The utility’s flexible architecture enables the collective sharing of non-competitive data sets, as well as future coordination with the Financial Crimes Enforcement Network’s recently launched FinCEN Exchange, supporting proactive collaboration with regulators and end-users in the law enforcement community. The vision is to enable utility members to share data to help fight financial crime collectively by providing insight into abnormal behavior patterns and other illicit activity detected by member banks, creating a more holistic view of customers from a financial crimes perspective.
 
Complying with AML and other financial-crimes regulations in the U.S., such as the Bank Secrecy Act (BSA), can be an expensive undertaking. Further, while banks have a lot of available data, their challenge in driving BSA/AML decisions is getting to the right data in the most cost-effective ways. Accenture’s new utility helps enable banks to cost-effectively source and share the right intelligence to make informed decisions on BSA/AML issues quickly and securely.

Among the key benefits that the new utility can provide participating banks are:

Enhanced productivity. Through analytics-driven insights, the utility enables banks to make decisions more quickly and reduce false positives.

Lower compliance costs. The solution can augment the productivity of people working in financial crime prevention and reduce or eliminate reliance on third-party providers for software and system changes, enabling the bank to reallocate resources to higher-value activities.

A reduced overall risk profile.

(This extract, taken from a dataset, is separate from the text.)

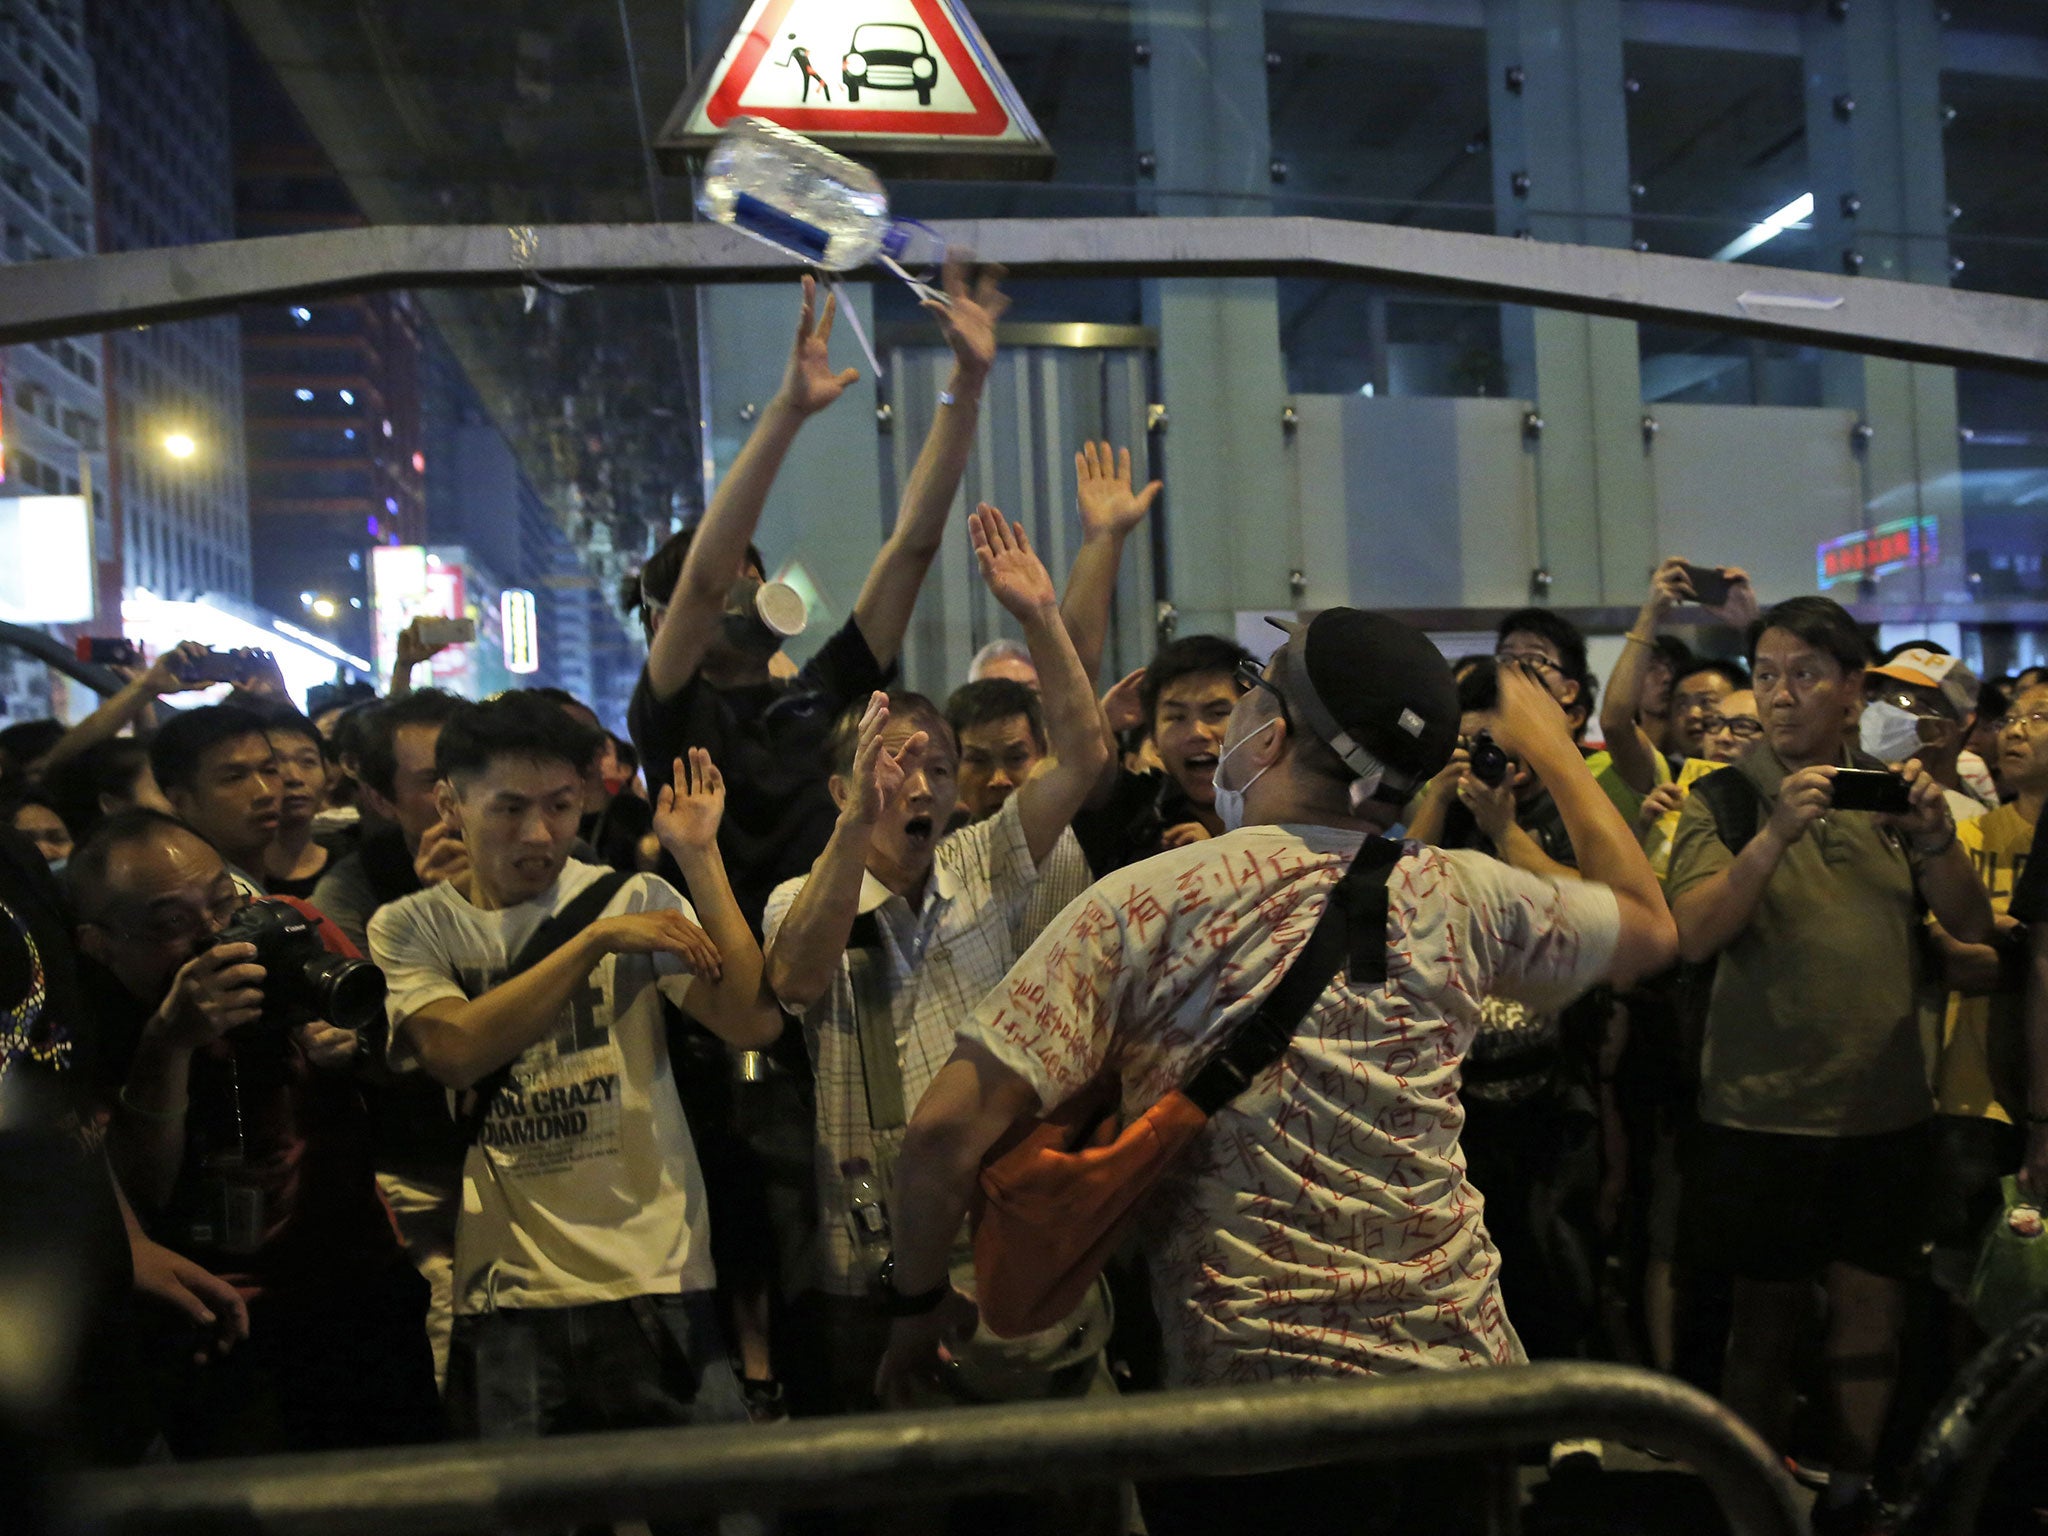 An anti-occupation protester throws a bottle of water at the crowd in the occupied area in the Mong Kok district of Hong Kong

By enabling deeper, actionable intelligence and defensible statistics, the utility can help banks fine-tune their policies, standards, processes and procedures to better monitor and control for BSA/AML risks.

Shared and customizable data visualization capabilities. By providing access to platform-driven research from participating members, the utility eliminates the need for banks to start from scratch, while also enabling them to use existing data from the platform to create and customize their own risk-mitigation dashboards and scenarios.

Standardized data structure. The utility creates a standardized data model to support consistency between key reporting frameworks and regulatory requirements, integrating dynamic updates as regulations change.

Accenture Labs and the Accenture Innovation Center for Finance and Risk contributed to the development of the utility and will continue to enhance its functionality, providing users with access to new applied-intelligence capabilities such as machine learning and natural-language processing.
 
MBCA executive director Brent Tjarks said: “Mid-sized financial institutions are looking to become more agile and efficient without investing heavily in isolated systems that are increasingly difficult to maintain.

“By empowering banks, regulators and the end-user law enforcement community with access to intelligence derived from a larger data set, the new utility will enable banks to improve compliance processes and reduce risk management costs while helping ensure a safe and flexible financial system.”
 
A client of the Accenture Financial Crime Analytics Utility, First National Bank of Omaha chief risk officer Nick Baxter said: “Accenture’s new utility represents a major step forward for us and other mid-sized banks. By leveraging the leading-edge analytical tools that the utility will make available to us and working collaboratively with other member banks, we can digitize critical risk functions, curtail increasing costs, work effectively with our regulators, and combat increasingly complex threats.”